Three iridium(III) complexes Ir(ppy)(CPIP) (Ir-1, ppy = 2-phenylpyridine, CPIP = 2-(4-chlorophenyl)-1H-imidazo[4,5-f][1,10]phenanthroline), Ir(ppy)(DCPIP) (Ir-2, DCPIP = 2-(3,4-dichlorophenyl)-1H-imidazo[4,5-f][1,10]phenanthroline) and Ir(ppy)(TCPIP) (Ir-3, TCPIP = 2,3,5-trichlorophenyl)-1H-imidazo[4,5-f][1,10]phenanthroline) were synthesized and characterized. The complexes Ir-1, Ir-2 and Ir-3 were encapsulated in liposomes to form Ir-1-Lipo, Ir-2-Lipo and Ir-3-Lipo. Morphology, size distribution, and zeta potential of liposomes were examined by transmission electron microscopy (TEM) and Zetasizer. The cytotoxic activity in vitro of Ir-1, Ir-2 and Ir-3 against cancer A549, HTC-116, HepG2, BEL-7402, Eca-109, B16, HeLa SGC-7901 and normal NIH3T3 cells was evaluated by 3-(4,5-dimethylthiazole-2-yl)-2,5-biphenyl tetrazolium bromide (MTT) method. Ir-2 and Ir-3 show no cytotoxic activity against the selected cancer cells, and Ir-1 displays moderate cytotoxic effect on the cell growth in A549 cells. However, Ir-1, Ir-2 and Ir-3 were encapsulated in liposomes, the cytotoxic activity was greatly enhanced. In particular, Ir-1-Lipo and Ir-2-Lipo can effectively inhibit the cell growth in A549 cells with a low IC value of 3.1 ± 0.3 and 1.2 ± 0.4 μM. The apoptosis was assayed by flow cytometry. Ir-1, Ir-2 and Ir-3 reveal weak apoptotic effect, whereas Ir-1-Lipo, Ir-2-Lipo and Ir-3-Lipo induce an apoptotic percentage of 55.6%, 69.3% and 16.7% in A549 cells, respectively. Specially, in the assay of antitumor activity in vivo, the inhibiting percentage of tumor growth induced by Ir-2 is 27.65%, while inhibiting percentage of tumor growth caused by Ir-2-Lipo is 57.45%. Obviously, the liposomes can enhance anticancer activity in vitro and in vivo compared with the complexes. The results show that the iridium(III) complexes encapsulated liposomes induce apoptosis in A549 cells through ROS-mediated lysosome-mitochondria dysfunction pathway and target the microtubules.

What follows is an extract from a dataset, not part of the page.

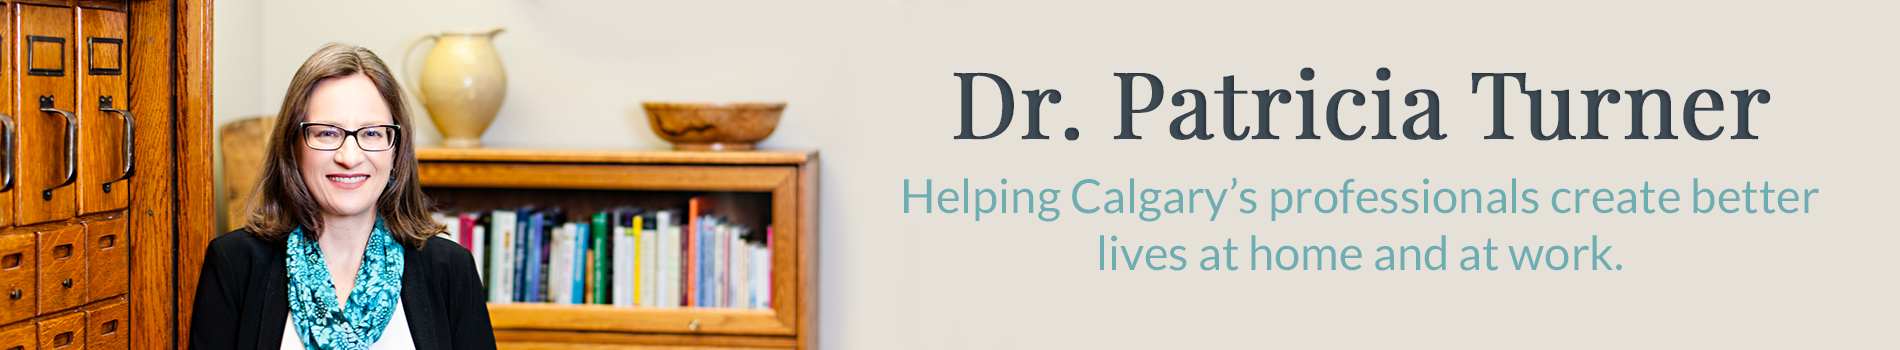 Dr. Patricia Turner header image

三种铱(III)配合物Ir(ppy)(CPIP)(Ir-1,ppy=2-苯基吡啶,CPIP=2-(4-氯苯基)-1H-咪唑[4,5-f][1,10]菲咯啉)、Ir(ppy)(DCPIP)(Ir-2,DCPIP=2-(3,4-二氯苯基)-1H-咪唑[4,5-f][1,10]菲咯啉)和Ir(ppy)(TCPIP)(Ir-3,TCPIP=2,3,5-三氯苯基)-1H-咪唑[4,5-f][1,10]菲咯啉)被合成并进行了表征。将配合物 Ir-1、Ir-2 和 Ir-3 包封在脂质体中形成 Ir-1-Lipo、Ir-2-Lipo 和 Ir-3-Lipo。通过透射电子显微镜(TEM)和 Zetasizer 检查了脂质体的形态、粒径分布和zeta 电位。通过 3-(4,5-二甲基噻唑-2-基)-2,5-联苯四唑溴盐(MTT)法评估了 Ir-1、Ir-2 和 Ir-3 对选定的癌细胞 A549、HTC-116、HepG2、BEL-7402、Eca-109、B16、HeLa SGC-7901 和正常 NIH3T3 细胞的体外细胞毒性活性。Ir-2 和 Ir-3 对所选癌细胞没有细胞毒性活性,而 Ir-1 对 A549 细胞的细胞生长显示出中等的细胞毒性作用。然而,将 Ir-1、Ir-2 和 Ir-3 包封在脂质体中,细胞毒性活性大大增强。特别是,Ir-1-Lipo 和 Ir-2-Lipo 可以有效地抑制 A549 细胞的细胞生长,IC 值分别为 3.1±0.3 和 1.2±0.4 μM。通过流式细胞术检测细胞凋亡。Ir-1、Ir-2 和 Ir-3 显示出较弱的凋亡作用,而 Ir-1-Lipo、Ir-2-Lipo 和 Ir-3-Lipo 分别诱导 A549 细胞的凋亡率为 55.6%、69.3%和 16.7%。特别是,在体内抗肿瘤活性试验中,Ir-2 诱导的肿瘤生长抑制率为 27.65%,而 Ir-2-Lipo 诱导的肿瘤生长抑制率为 57.45%。显然,与配合物相比,脂质体可以增强体外和体内的抗癌活性。结果表明,包封铱(III)配合物的脂质体通过 ROS 介导的溶酶体-线粒体功能障碍途径诱导 A549 细胞凋亡,并靶向微管。